This annual event has long been documented by Sony. This year’s, on June 15 at the usual venue of Schloss Schönbrunn, is very well recorded for an outside broadcast, the orchestra in close profile and the audience’s applause suitably ethereal.
The first work is Beethoven’s Leonore No.3 Overture, measured and weighty if a little short on theatrical tension, with the ‘warning’ trumpet calls lacking distance, and unexpected crescendo dynamics on the final timpani roll. Farewell Waltz by Mykola Lysenko is a charming discovery, a bittersweet, nicely lilting piece – lovely clarinet solo – which is in the manner of Glazunov’s Concert Waltzes; less successful is the over-long uningratiating (decadent and strident) Tango by Arturs Maskats; the scoring includes harpsichord (shades of Schnittke) and accordion.
Gautier Capuçon is heard in two pieces, well-balanced with the orchestra, Saint-Saëns’s First Cello Concerto, Capuçon commendably virtuosic and lyrically shapely/affectionate, and the soulful Melody by Myroslav Skoryk.

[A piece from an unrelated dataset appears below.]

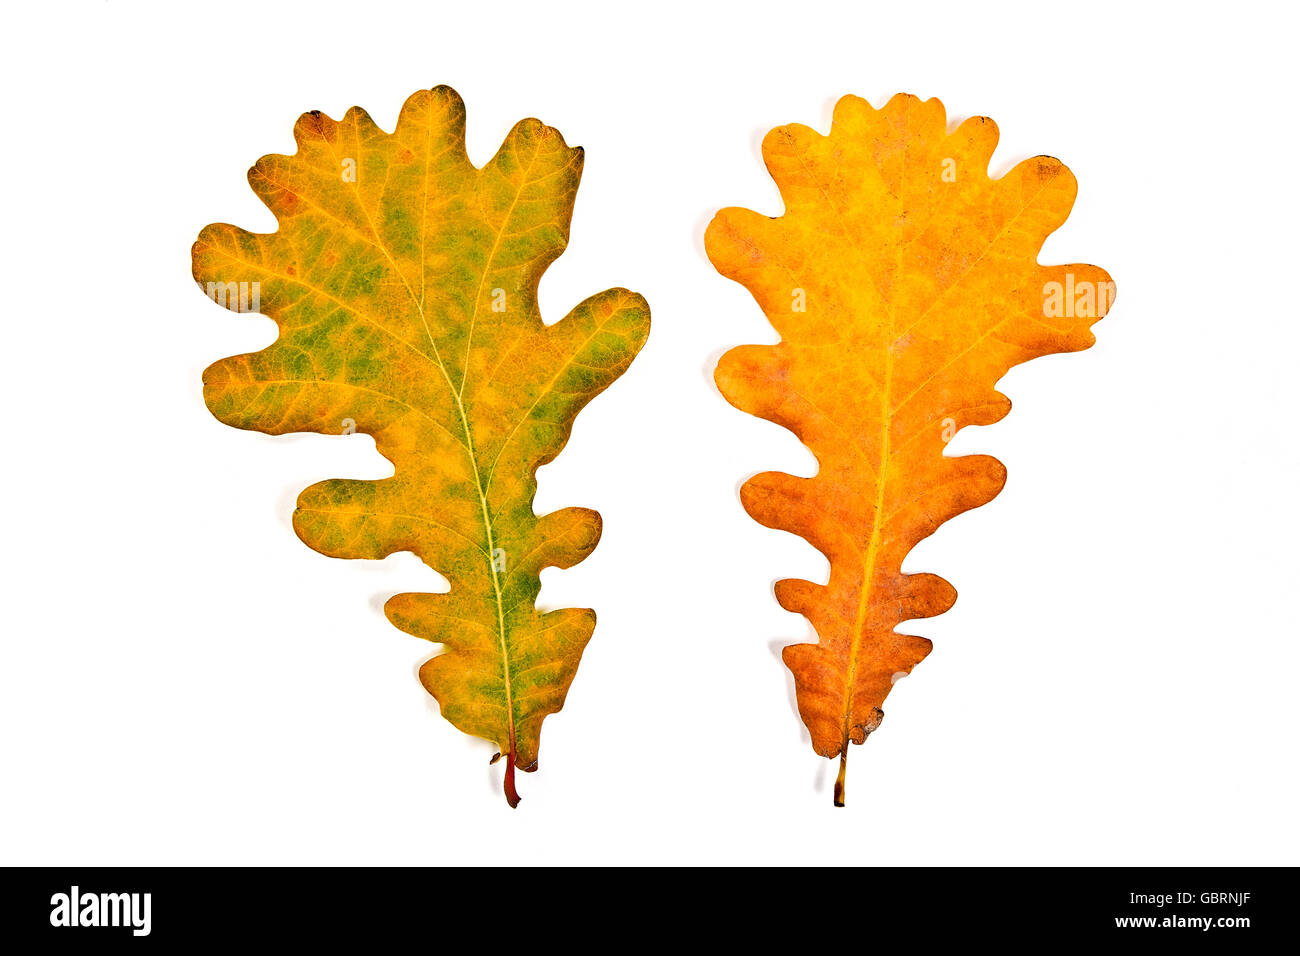 Autumn leaves of oak tree isolated on white background. With clipping path. Autumn leaves of oak tree colored by yellow, red Stock Photo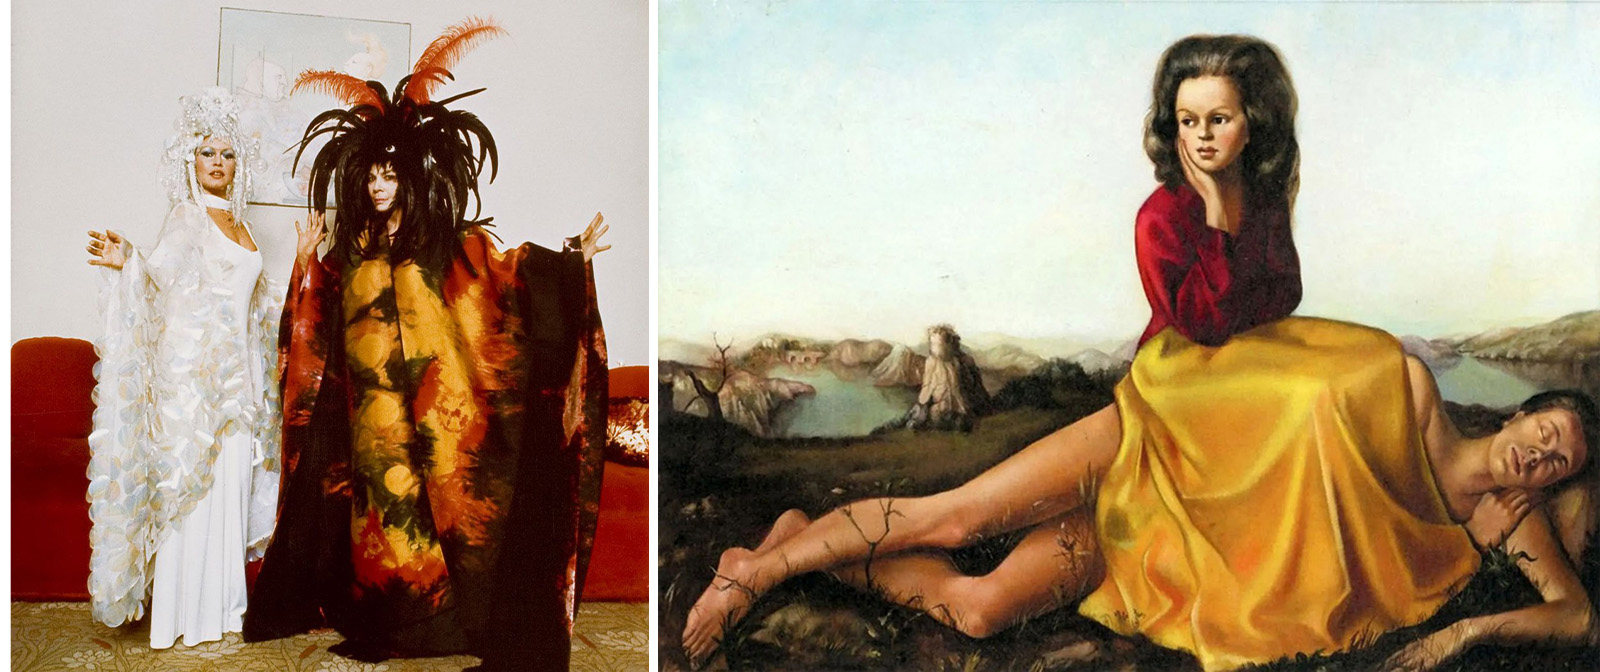 The extravagant artwork and unusual personal life of feminist and artist Leonor Fini

Disc Two includes a couple of operatic overtures: Rossini’s The Thieving Magpie and Smetana’s The Bartered Bride: the former bubbly but following an impactful opening by the antiphonal side drums these instruments do not break through enough in tuttis; and it’s good to hear the Smetana not rushed though, the lady still getting to the church on time. With George Enescu’s Romanian Rhapsody No.1 it’s clear that Andris Nelsons is not a native given he rather contrives the opening measures and is less than fiery later; whereas, on home ground, Celibidache in Bucharest http://www.colinscolumn.com/lets-lighten-the-mood-and-scintillate-to-celibidache-conducting-enescus-first-romanian-rhapsody/ (amazing; treasured footage) and Silvestri (Vienna) viewed the landscape first-hand, sang the songs and danced the dances like the locals they were – yet time to give an honourable mention for Previn’s LSO version – and I’m not entirely convinced that the soul of a Dvořák Slavonic Dance (the second of the Opus 72 set) is found; rather glossy. However, the concert closes on a high with Johann Strauss II’s Wiener Blut waltz: this is, after all, the Vienna Philharmonic. Sony Classical 19658717502 (2 CDs). Also DVD and Blu-ray.